- **WHAT YOU NEED TO DO**
Retype the data below exactly; skip every image.

===== DATA PROVIDED =====

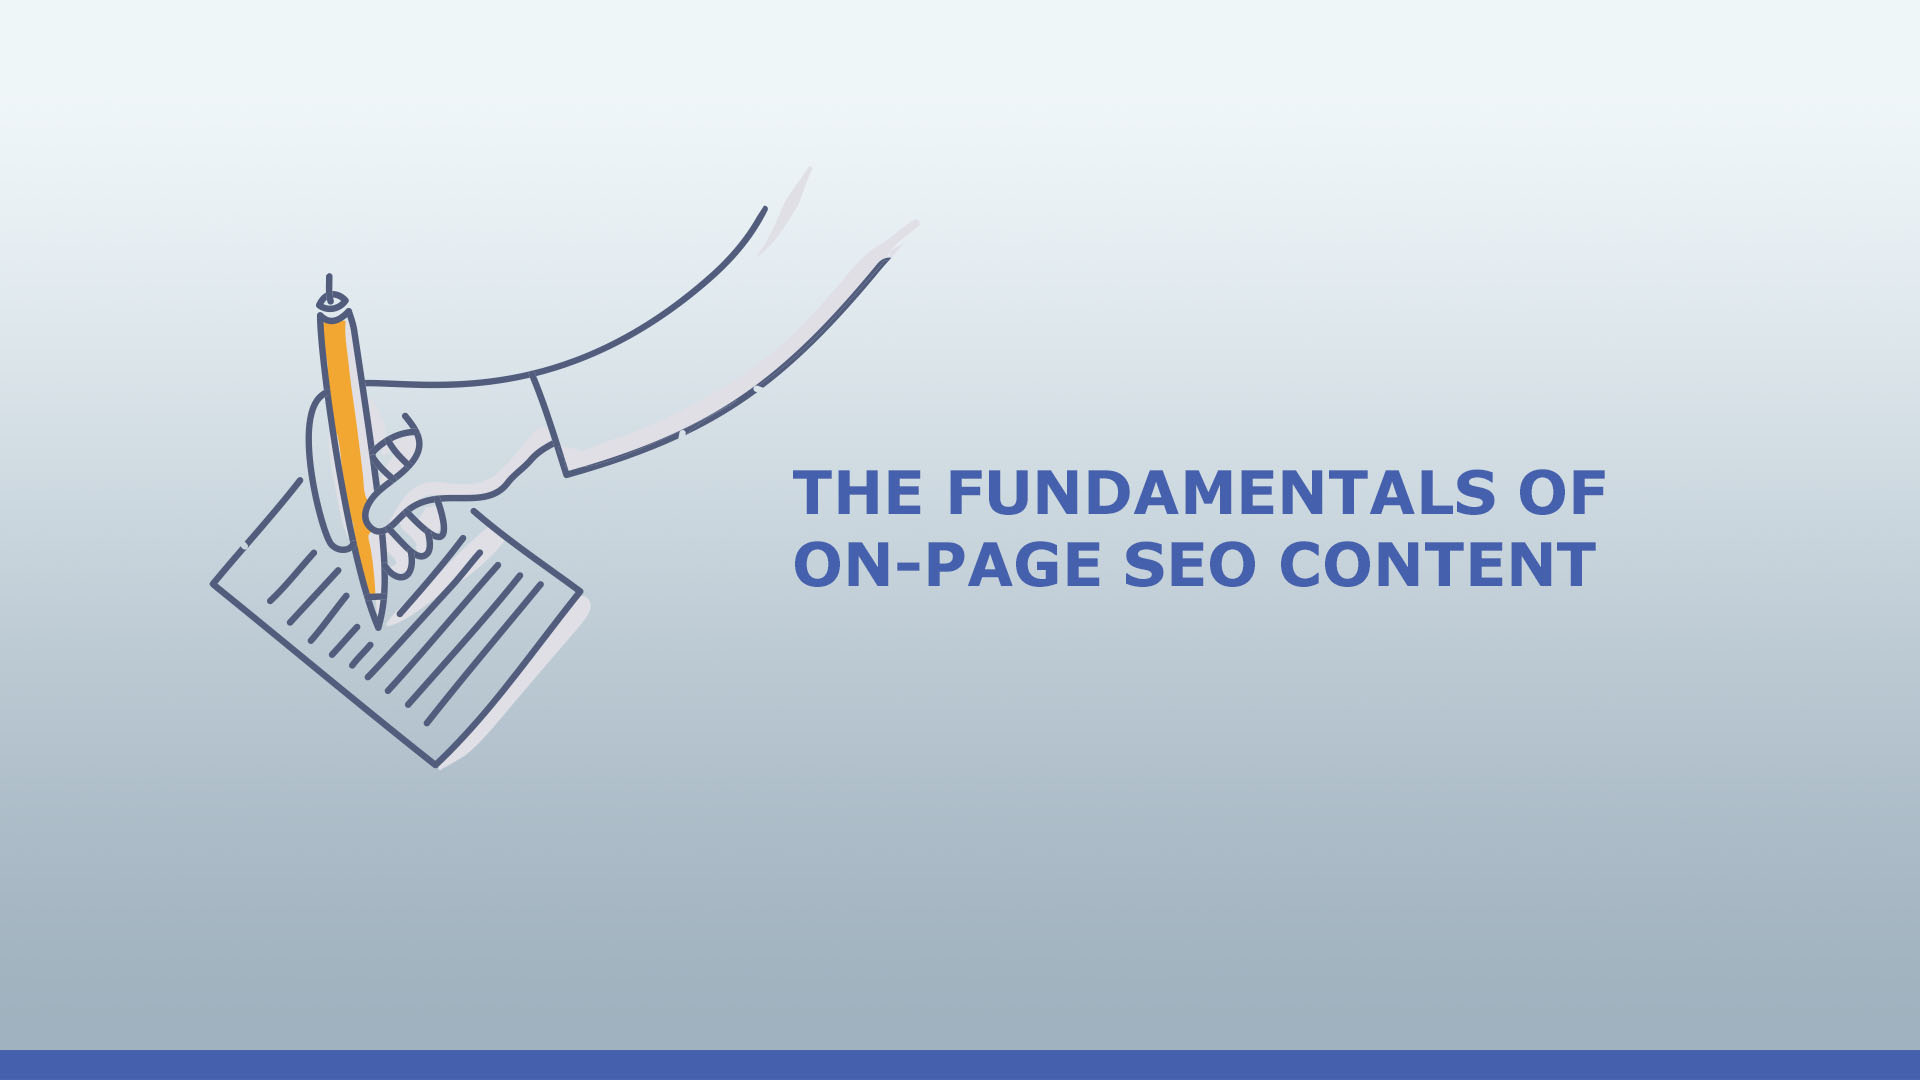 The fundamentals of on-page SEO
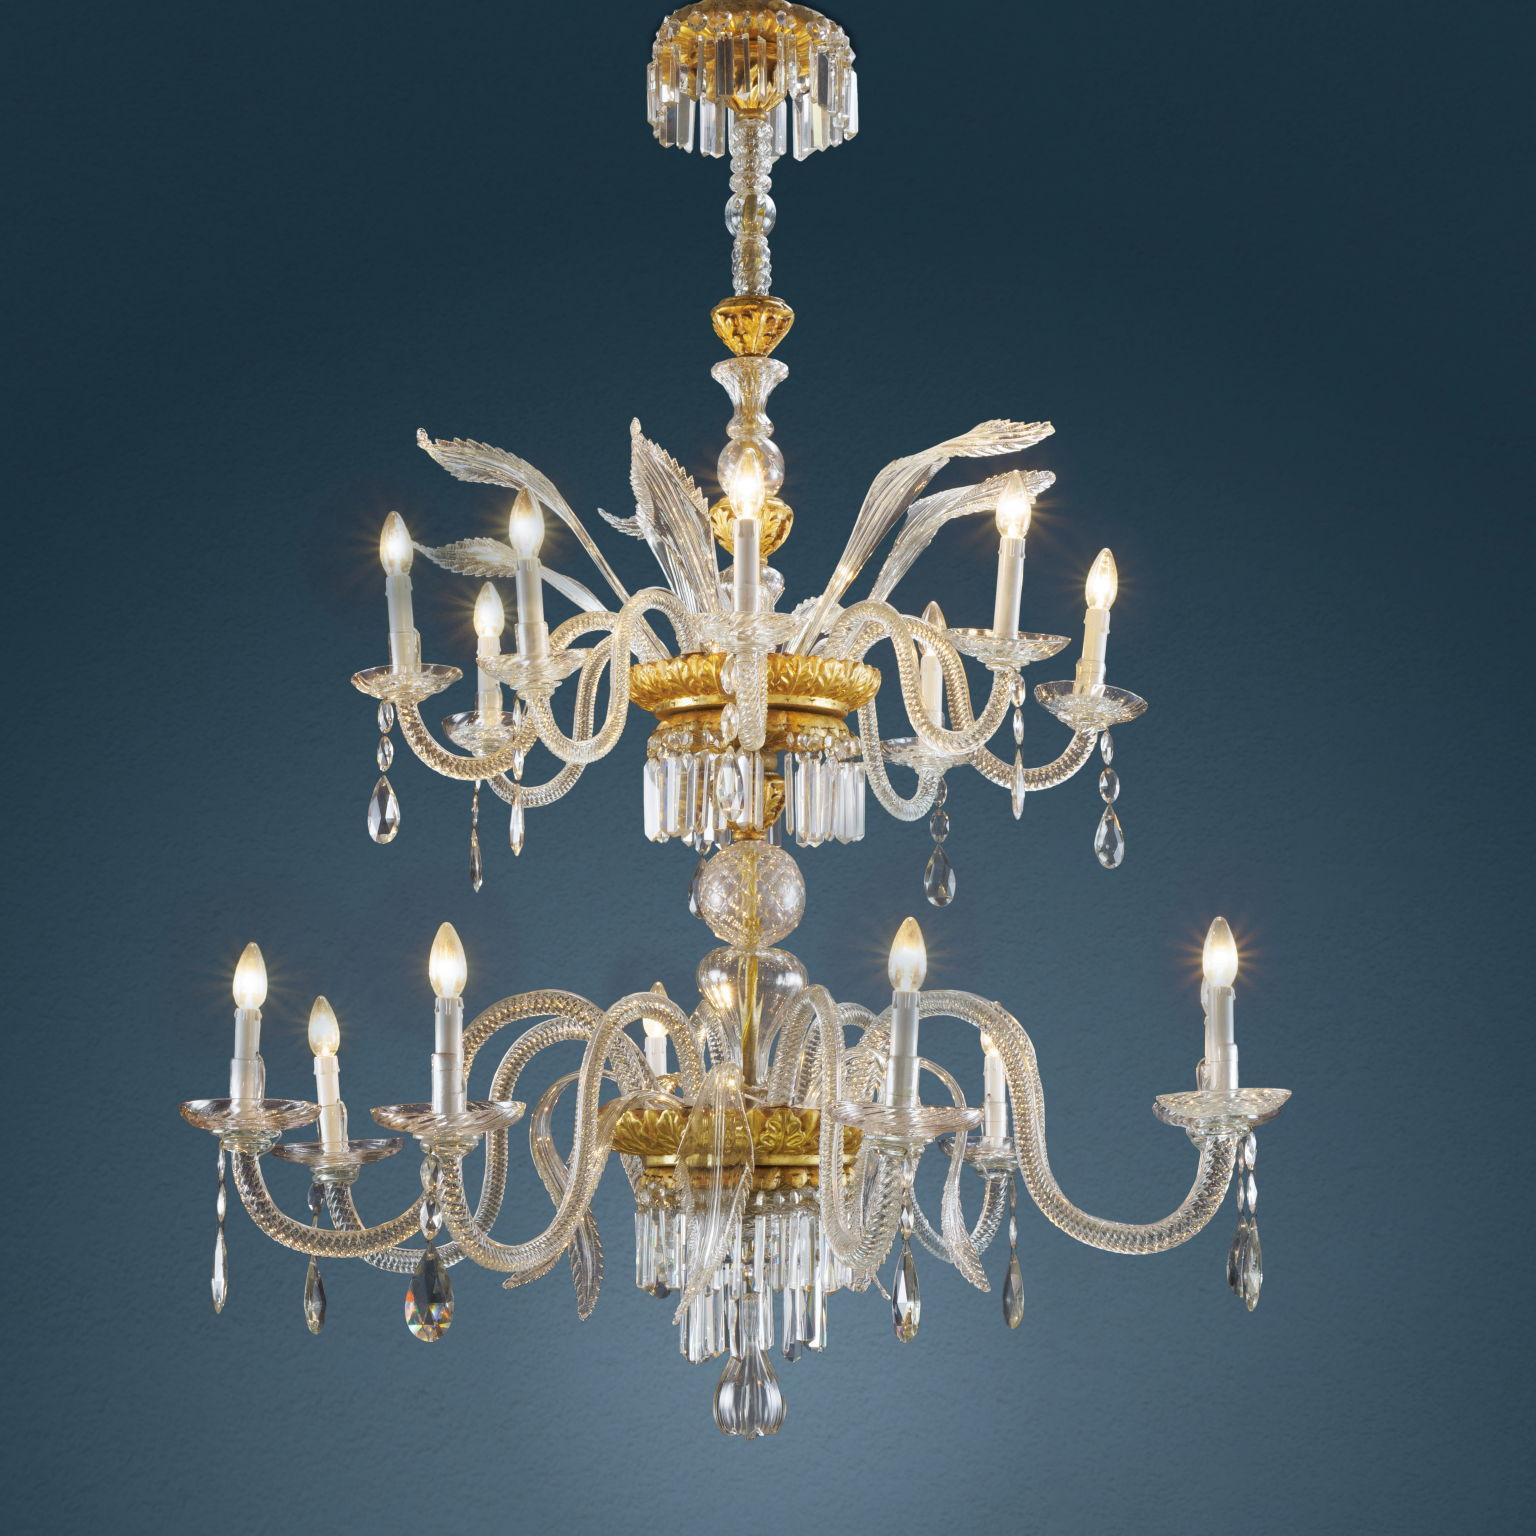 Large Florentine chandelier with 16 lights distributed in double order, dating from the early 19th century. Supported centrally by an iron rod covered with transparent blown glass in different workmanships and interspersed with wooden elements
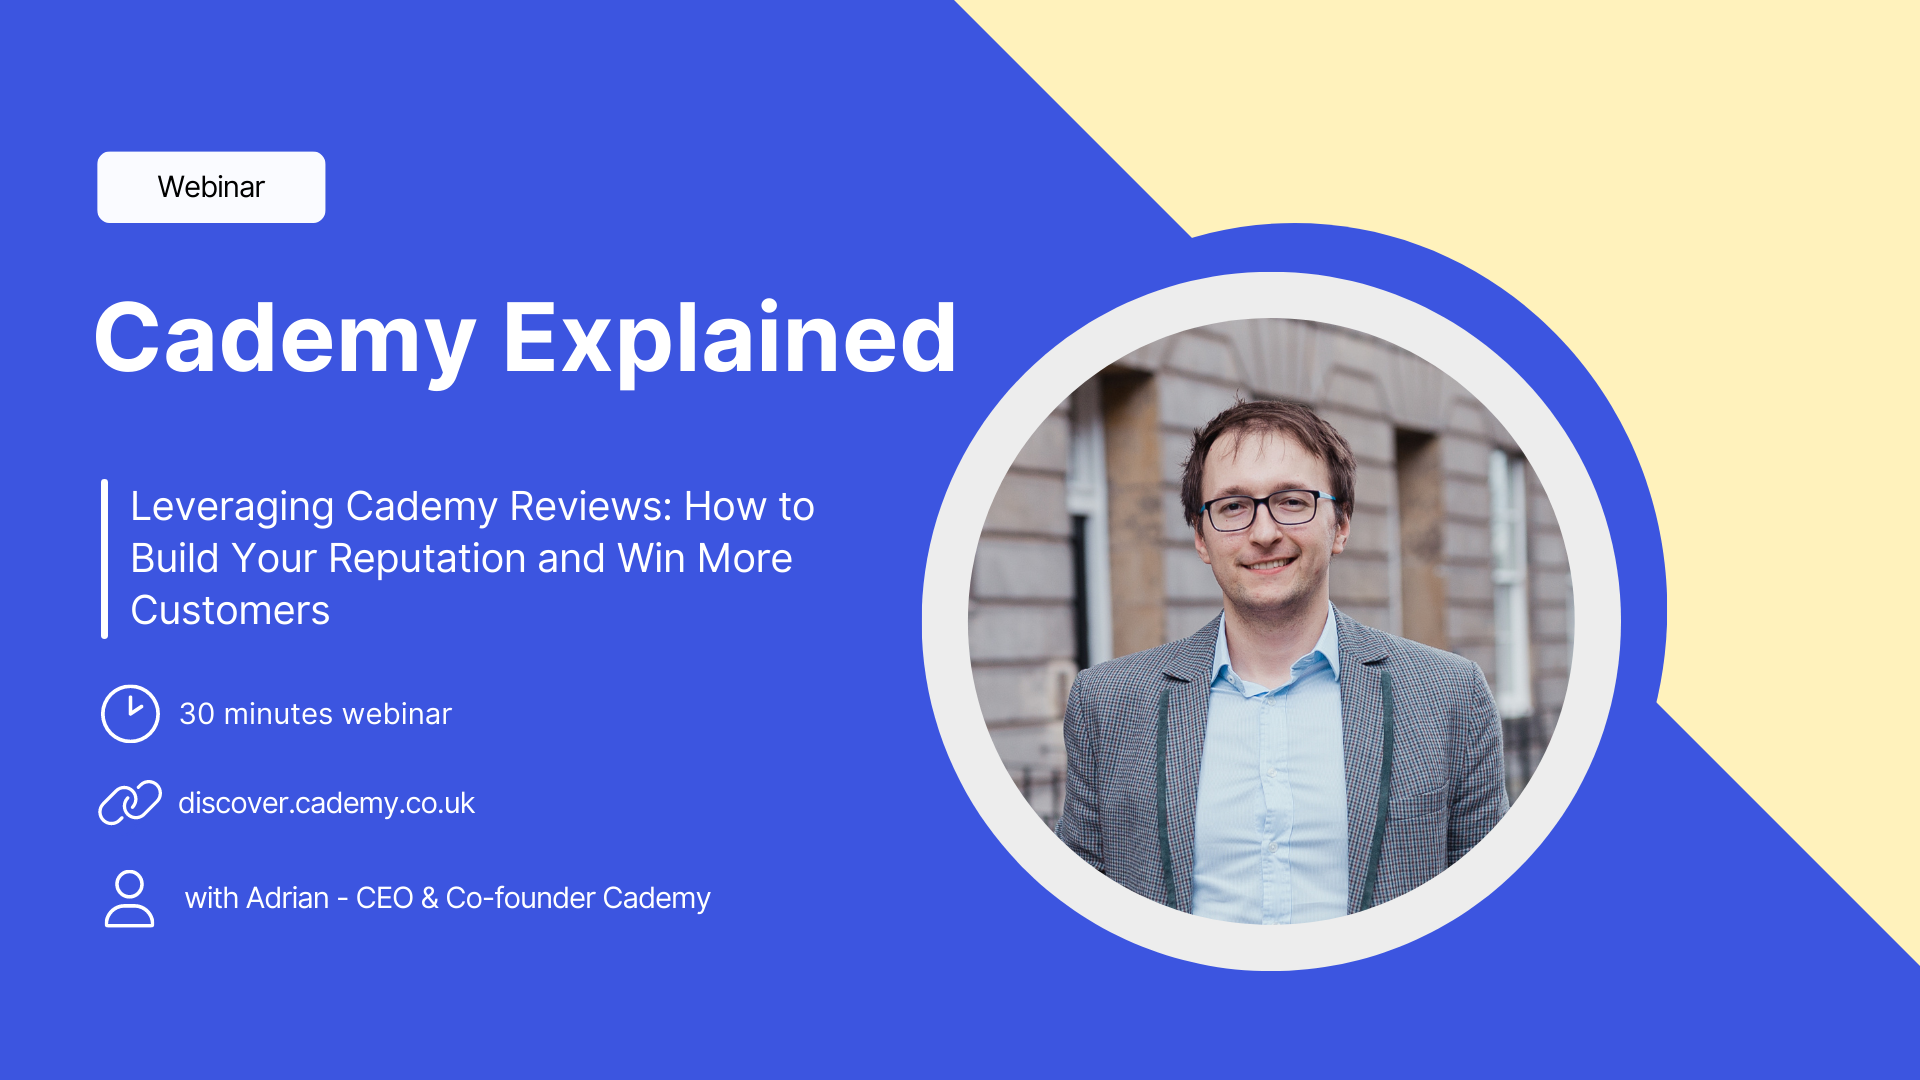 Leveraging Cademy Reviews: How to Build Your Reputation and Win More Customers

=====

- **FINISHED TASK**
 The fundamentals of on-page SEO
 Large Florentine chandelier with 16 lights distributed in double order, dating from the early 19th century. Supported centrally by an iron rod covered with transparent blown glass in different workmanships and interspersed with wooden elements
 Leveraging Cademy Reviews: How to Build Your Reputation and Win More Customers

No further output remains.